> _THE DATA_:
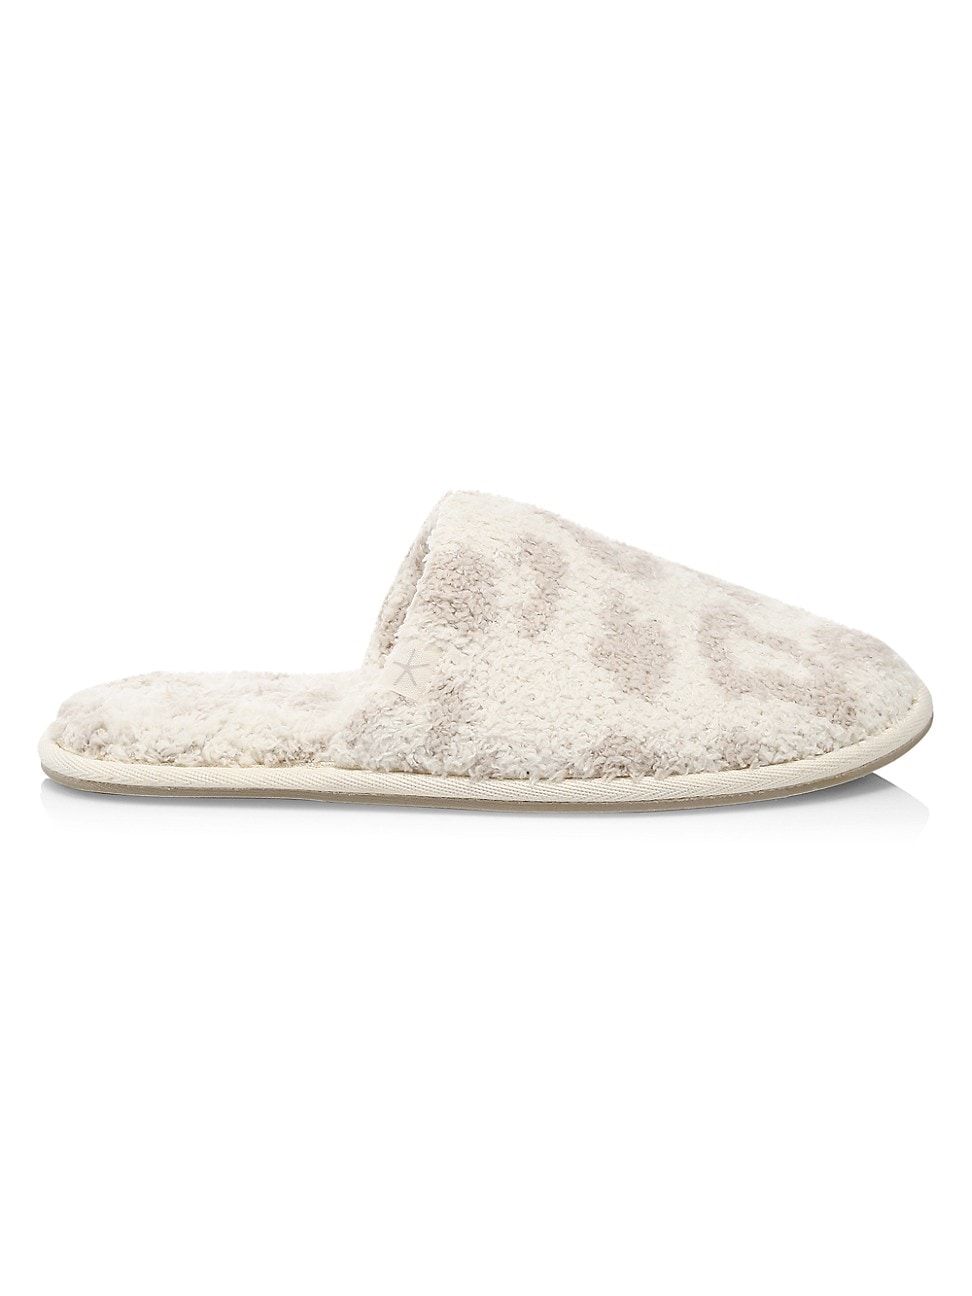 Barefoot Dreams Women's Cozychic Leopard-Print Slippers - Cream - Size Small | Saks Fifth Avenue
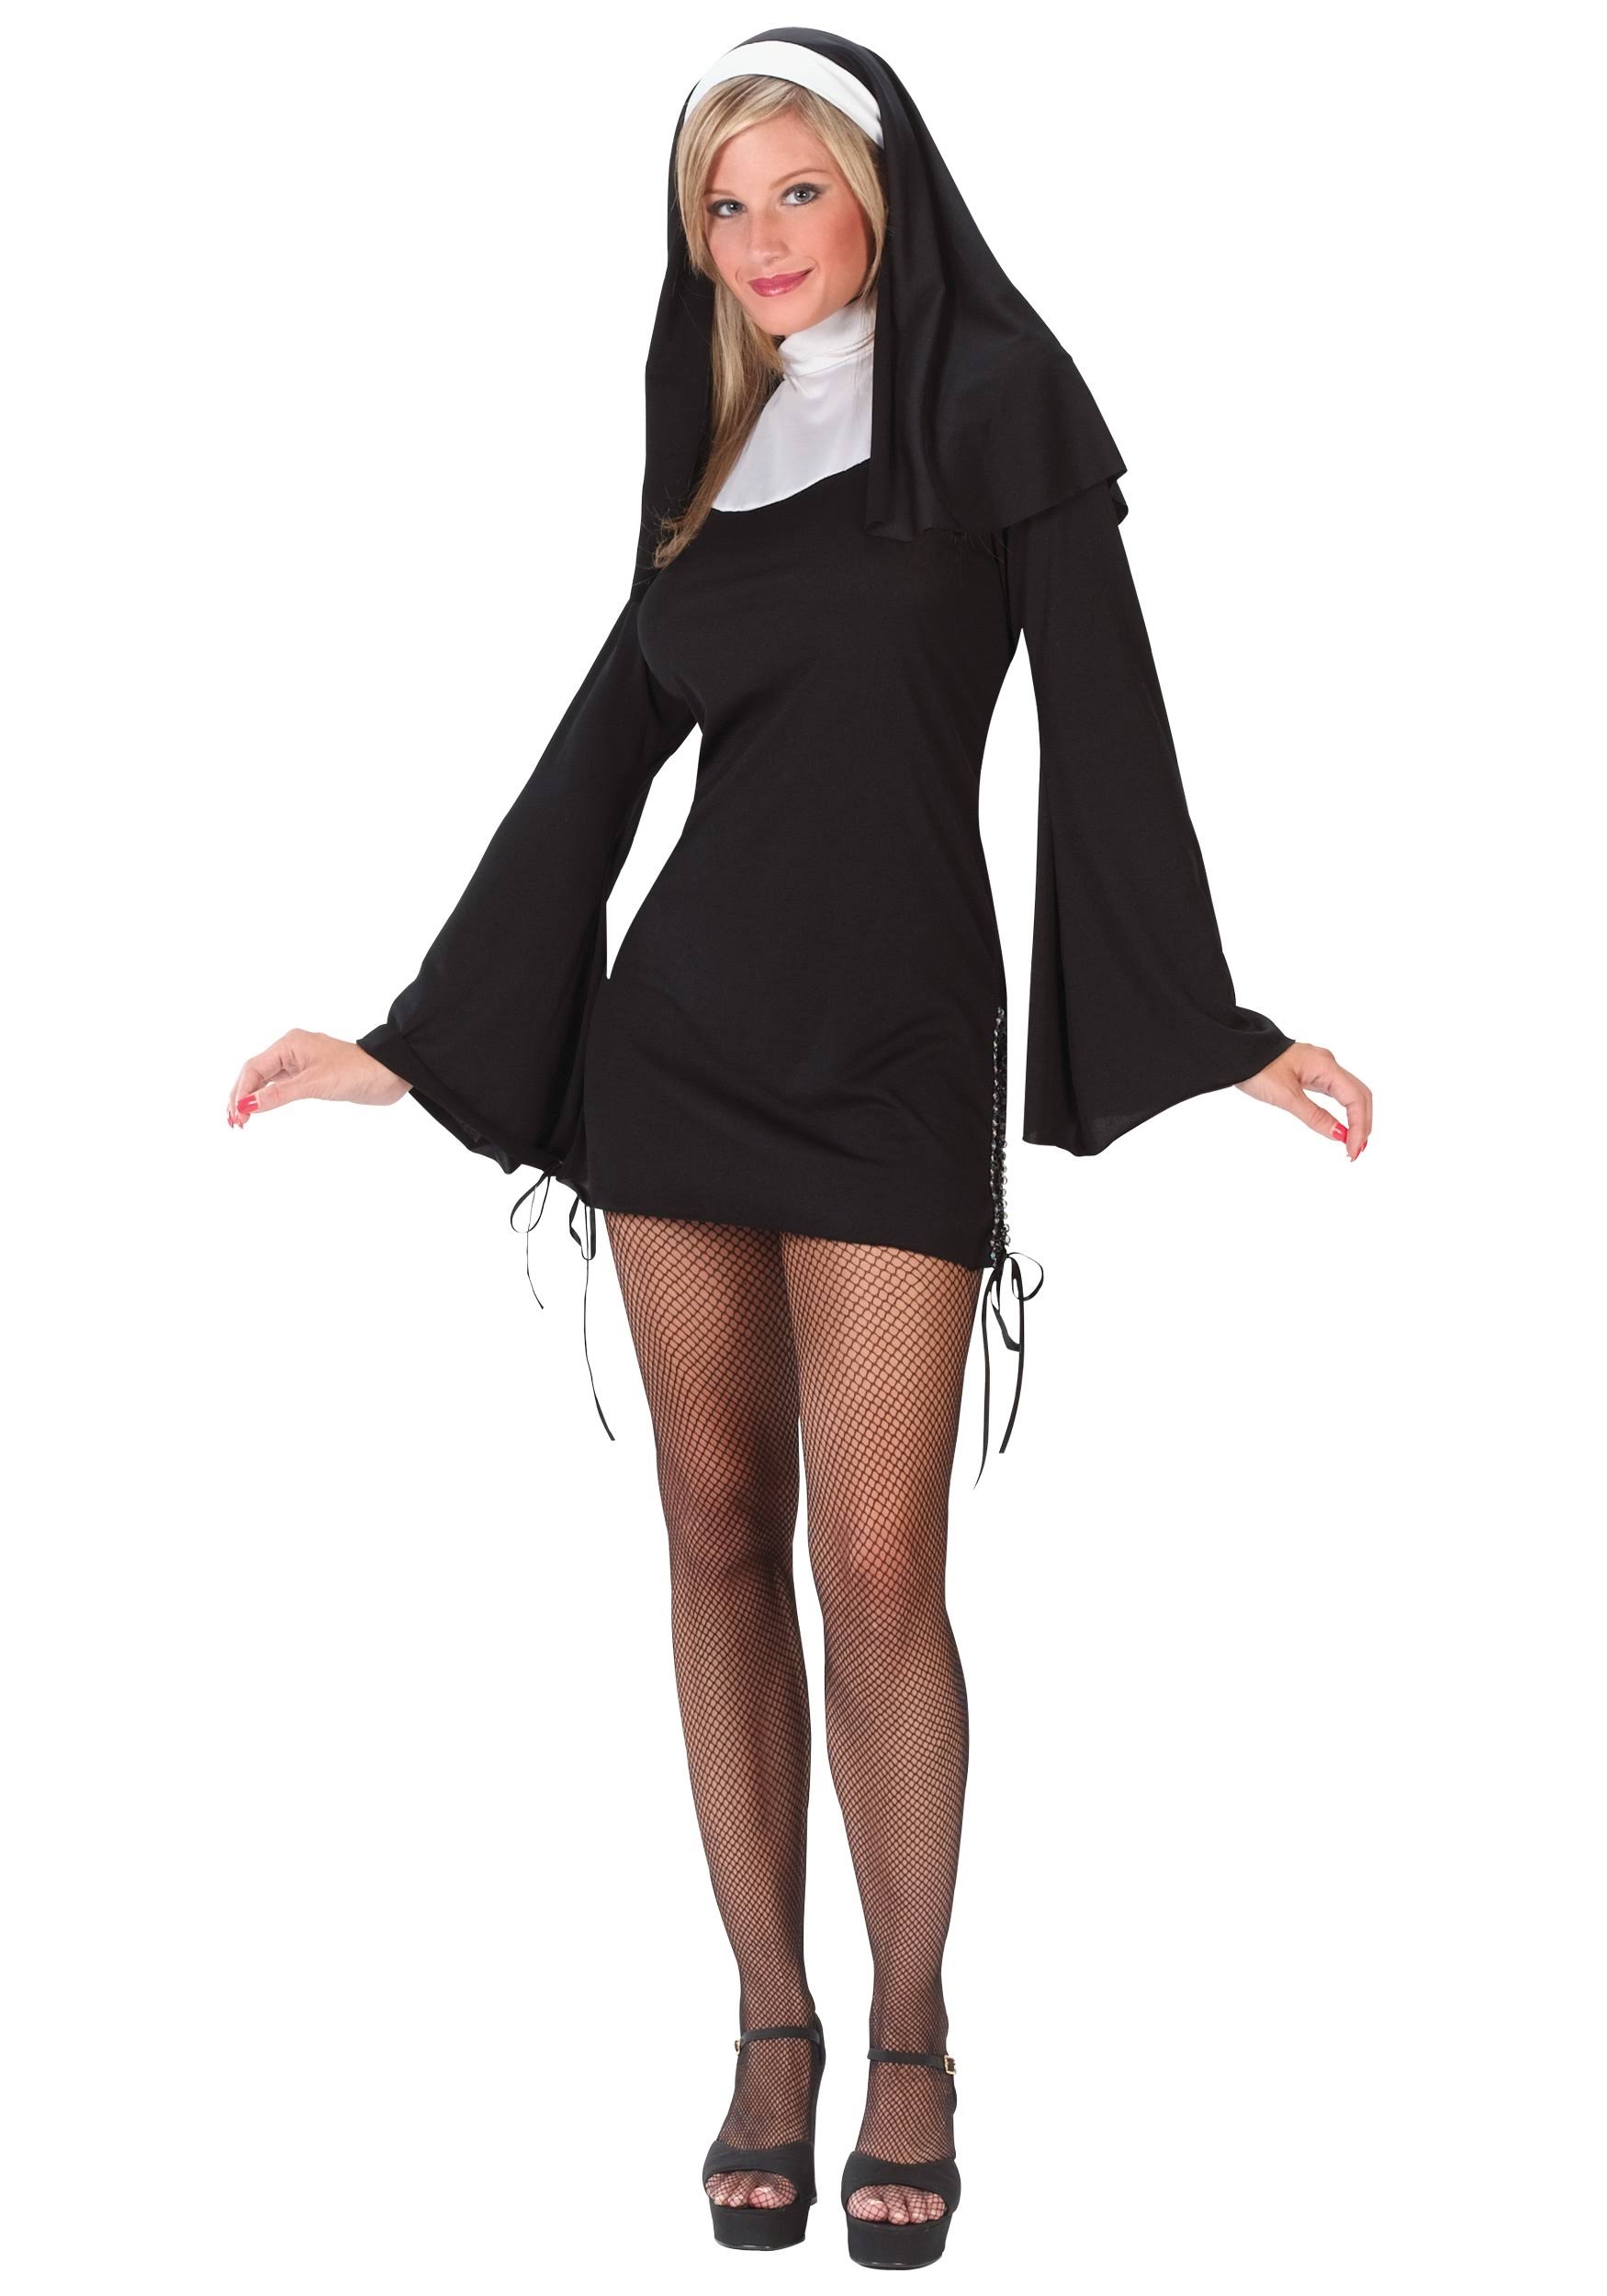 Nun Naughty Small Medium Costume
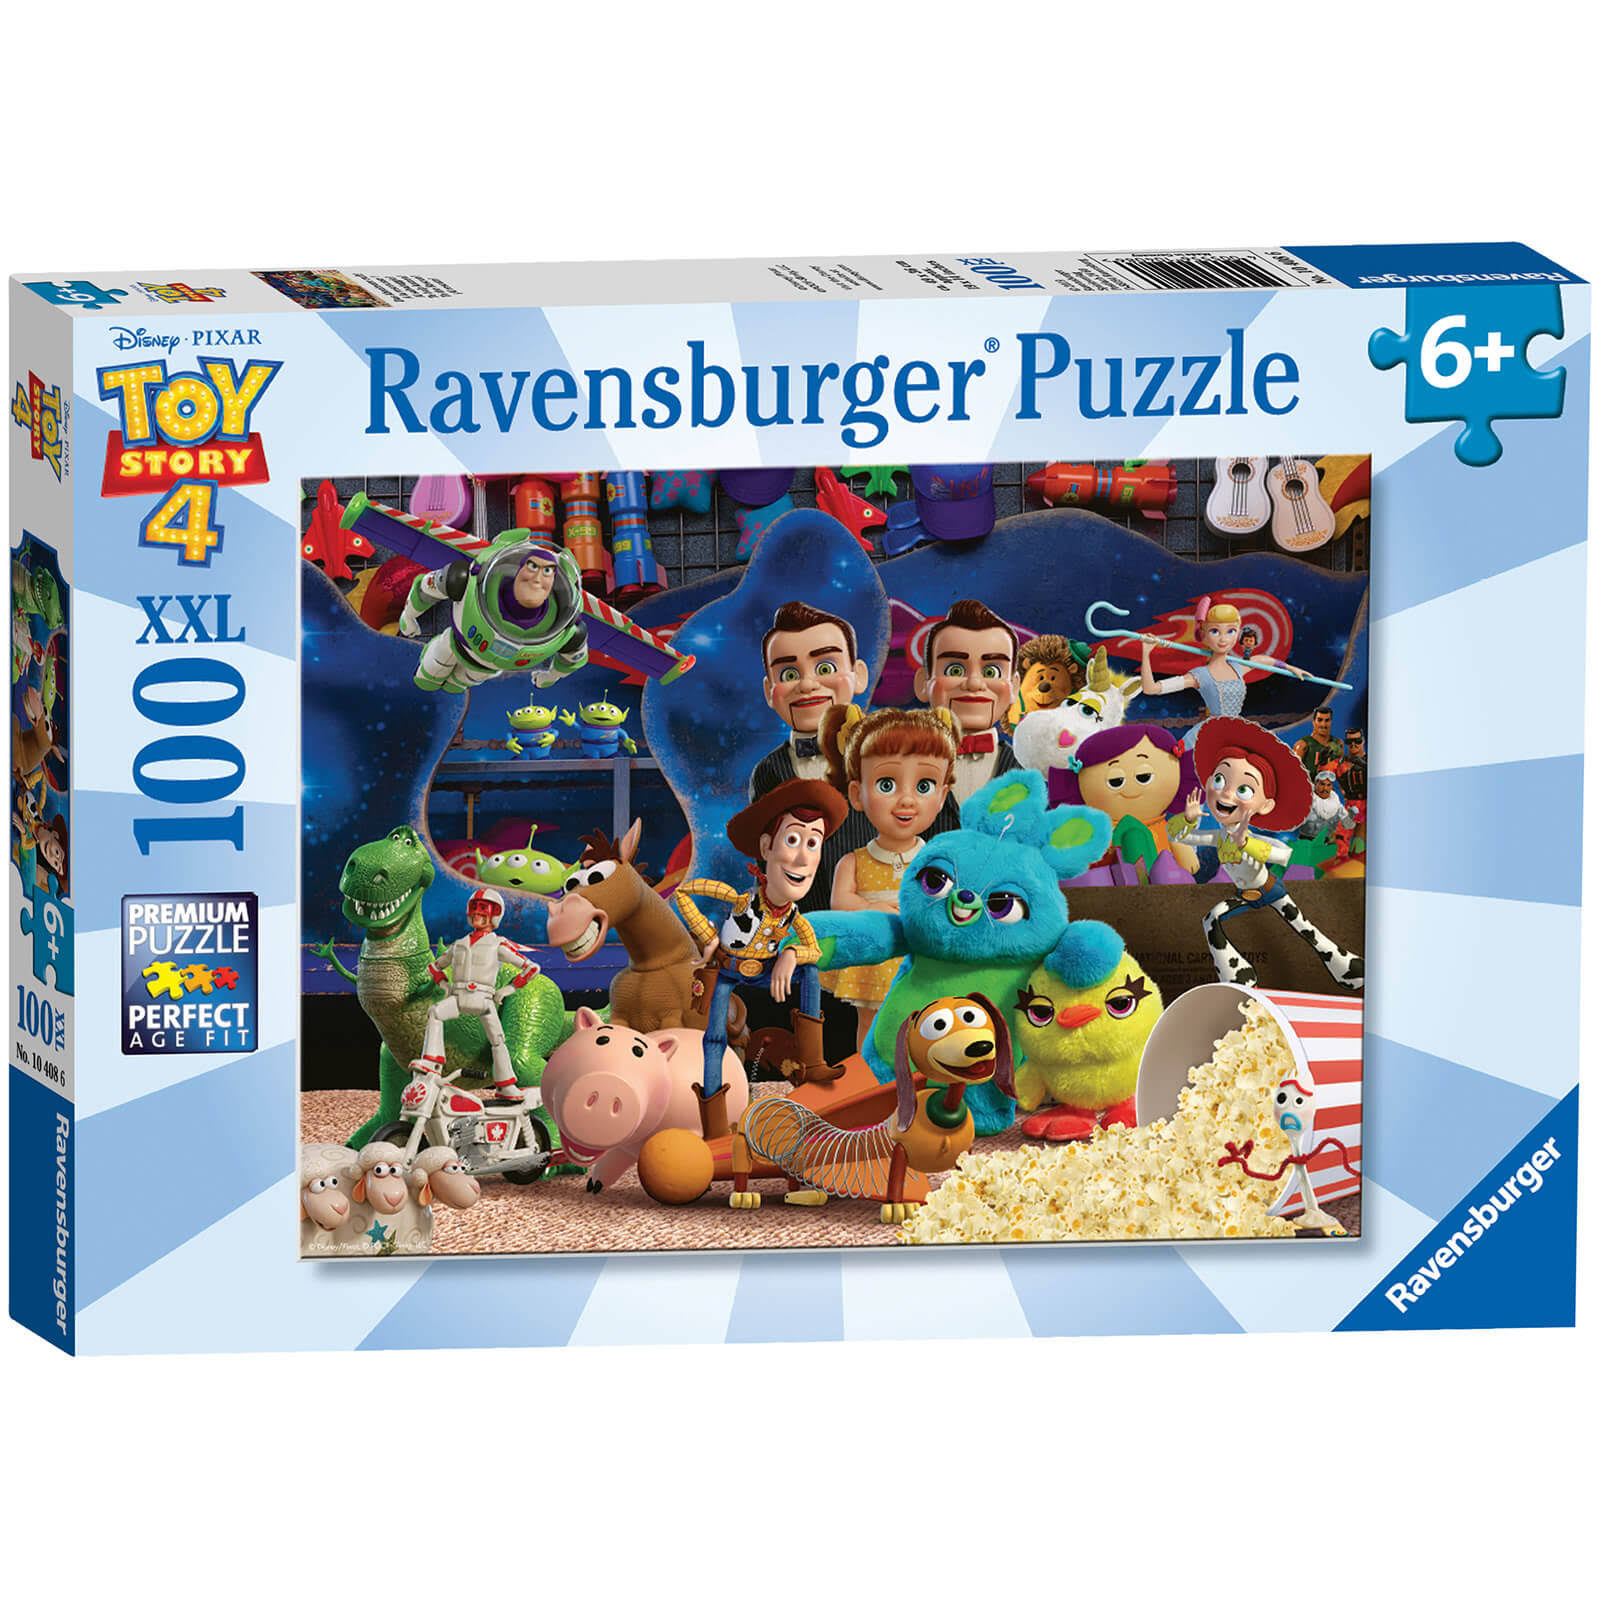 Ravensburger Toy Story 4 Puzzle Set - 100pcs Set

> _THE PROBLEM_: Each line of the listing above must be given again exactly; the pictures are to be left out.

> _WRITTEN RESPONSE_:
 Barefoot Dreams Women's Cozychic Leopard-Print Slippers - Cream - Size Small | Saks Fifth Avenue
 Nun Naughty Small Medium Costume
 Ravensburger Toy Story 4 Puzzle Set - 100pcs Set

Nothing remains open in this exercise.